Help, I’m still at the restaurant…

Now, I’m not much of a ‘Swiftie’ – I can bop along to her music if needed, yet I’ll never go out of my way to listen to her. There’s a lyric though in one of her popular songs that says – “everybody moved on, help, I’m still at the restaurant” and it’s one that remains in my mind often – especially when struggles resurface. There’s a certain type of anger that lingers after trauma. I say certain because it isn’t all consuming, nor is it a direct rage to anyone or anything. It’s this persistent humming in the back of my mind no matter how much the chaotic noise of life tries to drown it out. It fluctuates – just like every feeling does. Somedays I’m more spiteful than others, but that resentment continues to linger within me and the hardest part within it all is I have no direct reasoning to feel this way. The trauma of mental illness and the devastation that occurred due to the effect of it can’t be blamed on anybody, I can’t point it to a specific event and there is no direct reasoning for it. It just is. 

Life is full of ups and downs, highs and lows and devastating things are part of those lows – but some events are so unfathomable, so destructive, that you can’t just think to yourself ‘well, that’s just life”. When people ask – “Do you believe everything happens for a reason?”, I find it difficult to give a clear answer. I’m quite a spiritual being so I trust in the universe. I believe everything in life can teach you something, but some things are just so soul destroying that there is no reasoning for them. I don’t believe I became unwell so that I could learn the value of joy, but I know that my experiences have taught me it. Some events are just so soul destroying that there can’t be a reason for it. 

Last night, I lay in bed wide awake at 3am – a common occurrence for the ADHD brain that I have. I found myself looking through the social media accounts of people from high school – a common occurrence for most people I think. These are people that I have had zero contact with since I left. They have no clue what happened to me, and I have no clue what happened to them – but I do know that their life continued on. The path of life they had hoped to walk down became the reality for them. I too had dreams of what I wanted my life to look like – yet the reality that came was completely unexpected. The losses due to the destruction trauma brings is a grief I carry with me every day. There isn’t a time that I don’t mourn that nagging question of ‘What could’ve been?’ That niggling question of ‘Why?’ taunting me.

So, when that lingering anger towards the universe rises to the surface and the grief fills up my heart, well it breaks me. I lay there in bed last night and the nagging question of ‘Why?’ came back. ‘Why did this happen?’ ‘Why me?’, Why this, Why that. I know I’ll never have an answer, and I’ve learnt to get better at accepting that. The question still remains though. Even if I did get given a reasoning for everything, I’m not sure the answer would offer any sort of fulfilment. Nevertheless, the resentment remains. 

These people, regardless of whether they knew me throughout my trauma or not, if they stayed by my side or left me – they still got to carry on with their life. The effects of an unwell family member or an unwell friend didn’t derail their life. They still got to pursue their ambitions – yet I had to fight ferociously just to stay alive. Amidst all of the sadness they may have been feeling over the pain I was experiencing – they got the blessing of being able to keep on achieving. 

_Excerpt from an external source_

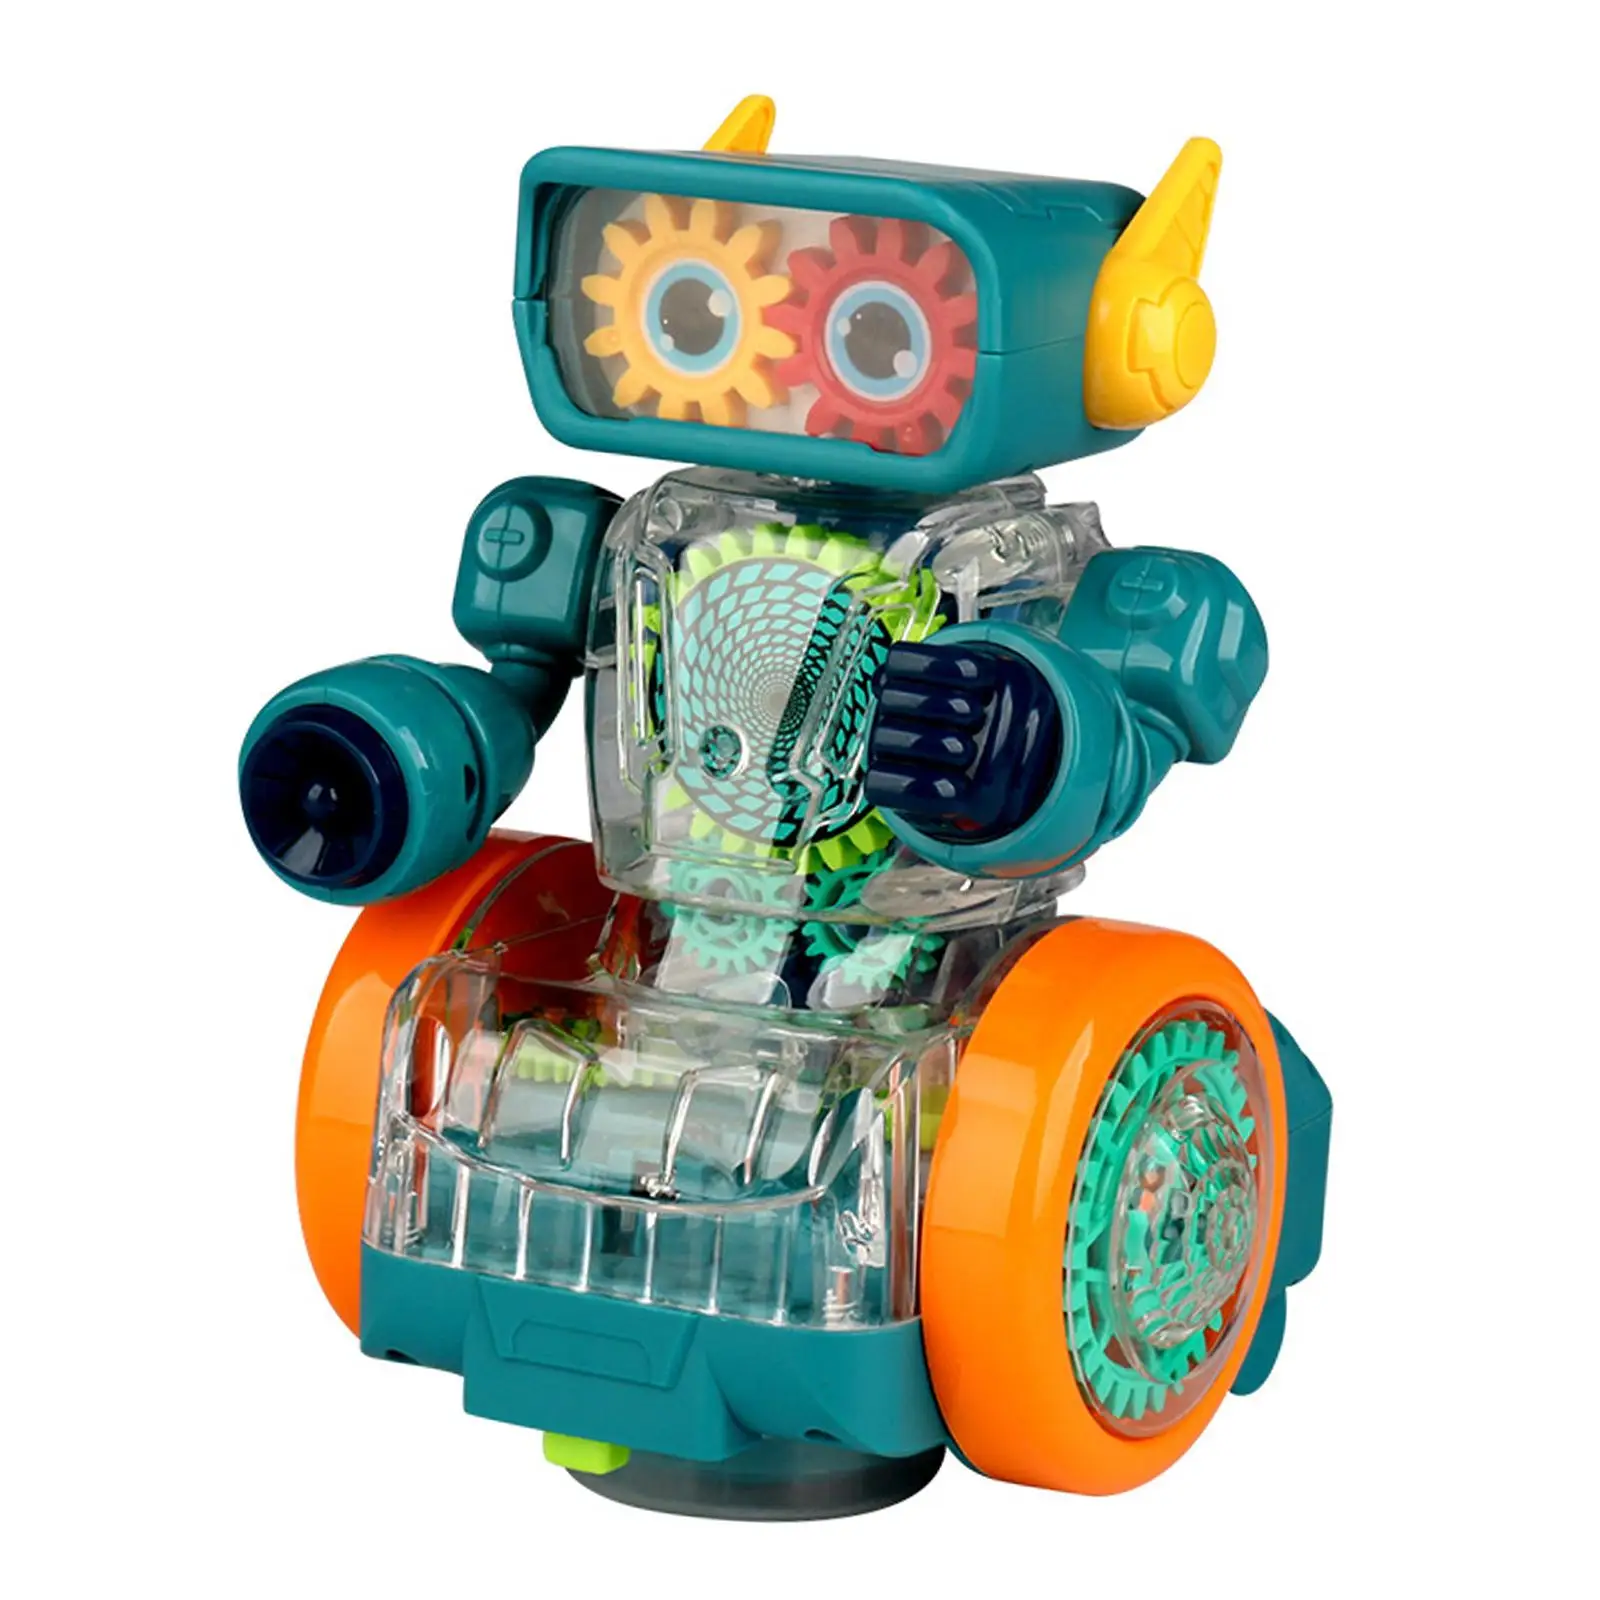 Transparent Mechanical Gear Robot Toy Early Educational Toys with Lighting for Toddlers Children Boys Kids Birthday Gifts

Everything I had known was destroyed. 5 years later I am still having to pick things up from the rubble and rebuild what was stolen from me. I’ve had to work relentlessly day in day out, battling a brain with an illness embedded into it that despises my existence. I’ve had to adapt to a life that was once utterly foreign to me. I’m grateful for all I have now, yet there’s an emptiness within – knowing that the reality of my life was something younger Hope could have never imagined. I wouldn’t wish the heartbreak of my experiences on anybody, but I am resentful that it was me who had to live it. Jealousy meets me everywhere. Despite the struggles of what they may have faced and the undoubted pain that comes with living, it was me whose life was utterly derailed by it all. And I’ll never know why. When the illness begins to consume me again, so does that rage. It’s stop, start, break down, get back up again – constantly going in and out of the grasp of it all. 

I question whether I am just destined to be broken. Because even after 5 years and many gruesome battles to live – rather than just survive, once again I remain back in the debilitating trap that is mental illness. Watching through the restaurant window witnessing the achievements of others pass me by. 

There’s times where I question if I would want my past to be different. I have been told persistently throughout it all that I carry so much insight and maturity. Slowly I learn to not only accept, but appreciate the being that I am. I see the strength within my story, the power I posses within and more importantly – the value within my worth.